Analysis of the A. monolakensis proteome by liquid chromatography followed the same approach previously used to identify the anti-clotting and anti-platelet agents from salivary gland extract (Mans et al., 2007). Briefly, SGE (100 gland equivalents) was applied to an anion exchange column and fractionated. The flow-through was applied to a cation exchange column and fractionated under the same conditions. Fractions that represented major peaks were pooled and applied to reversed phase chromatography. Individual peaks (116 fractions) were collected and analyzed by peptide mass fingerprinting as described above.

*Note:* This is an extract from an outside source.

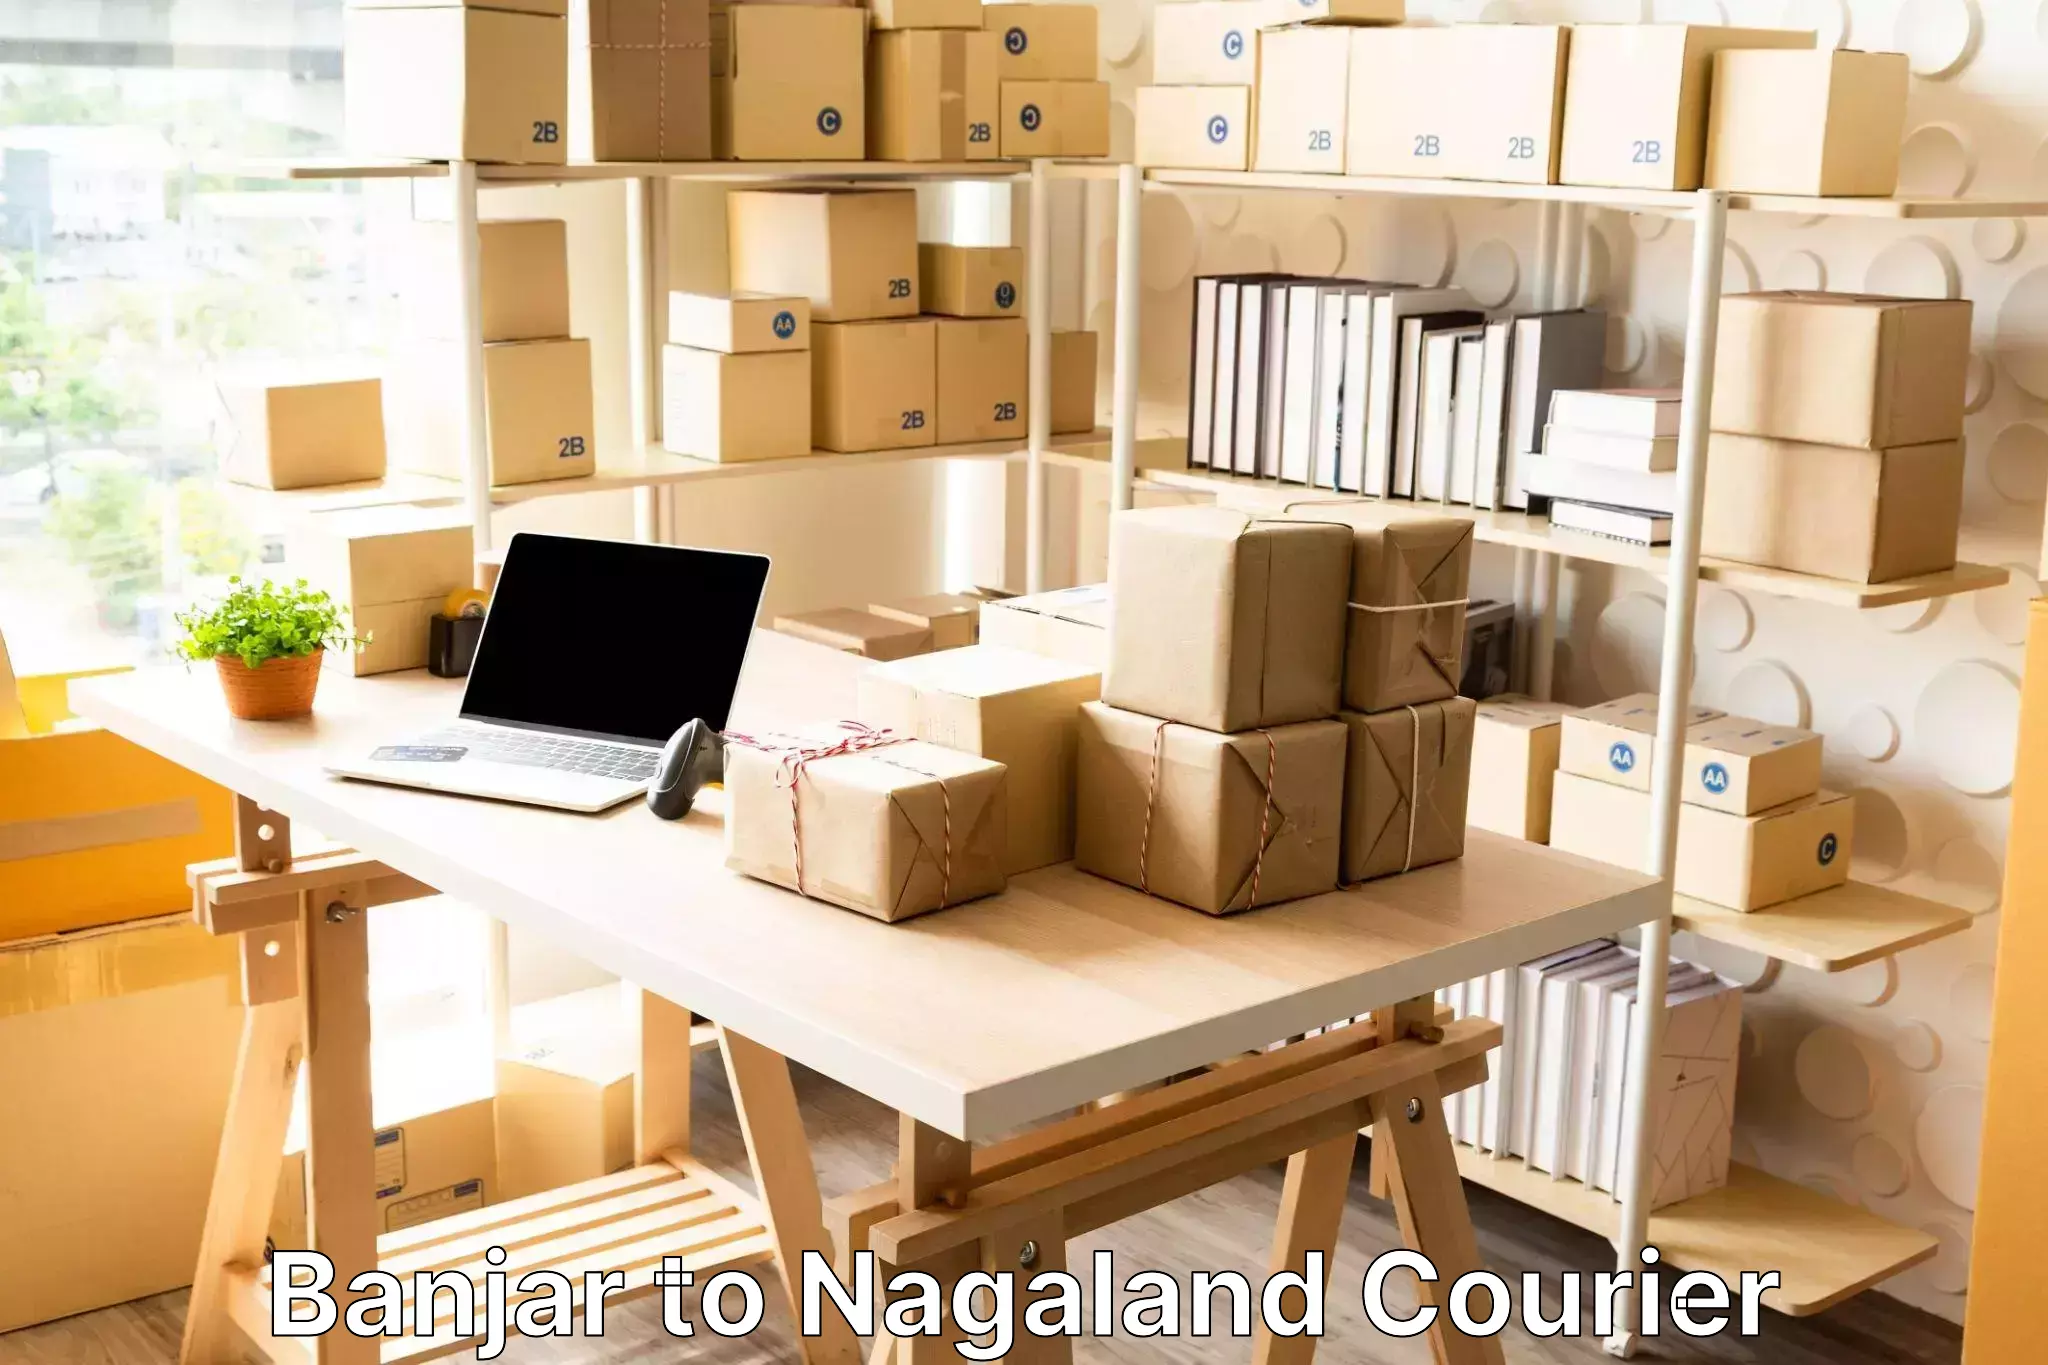 Baggage relocation service Banjar to Nagaland

Protein families were aligned using ClustalX and manually checked and adjusted (Jeanmougin et al., 1998). Neighbor-joining analysis was performed using the Mega package (Kumar et al., 1994). The Poisson model for amino acid substitution was used and 10000 bootstraps were performed with complete deletion of gapped positions.
A total of 3087 EST sequences were obtained and their analysis and Genbank accession numbers can be found in the supplementary materials. Clusterization of ESTs yielded 1472 contigs. Unknown sequences represented 38.1% of all sequences and 67% of all clusters, with an average of 1.2 sequences per cluster, indicating that most of them were singletons. House-keeping sequences represented 23.9% of all sequences, 21% of all clusters with an average of 2.4 sequences per cluster, indicating only a slight increase above the singleton background. In contrast, sequences coding for potential secreted proteins represented 37.8% of all sequences, 11% of all clusters and on average 7.2 sequences per cluster. The unknown sequences are mostly singletons that do not yield an open reading frame and were considered non-sense sequences with no informative value for cDNA library analysis. If these sequences are removed from the library analysis, house-keeping sequences represent 38% of all sequences and 64% of all clusters, while potential secretory sequences represent only 33% of all clusters, but 61% of all sequences. This indicates that potential secreted proteins, although being the lowest in numbers of clusterized contigs, are the most highly represented sequences in the library. A final number of 127 potential secretory components were deposited in the sequence databank (Table 1).
The salivary proteome of A. monolakensis as analyzed by one-dimensional SDS-PAGE is complex and consists of several highly abundant bands (Fig. 1). Temperature denaturation and precipitation allowed for differential fractionation of proteins for easier interpretation of Edman sequencing data. Fourteen sequences were obtained, of which thirteen corresponded to sequences found in the cDNA database (Table 1). In all cases, the N-terminal sequences obtained corresponded to the predicted N-terminal sequences using SignalP.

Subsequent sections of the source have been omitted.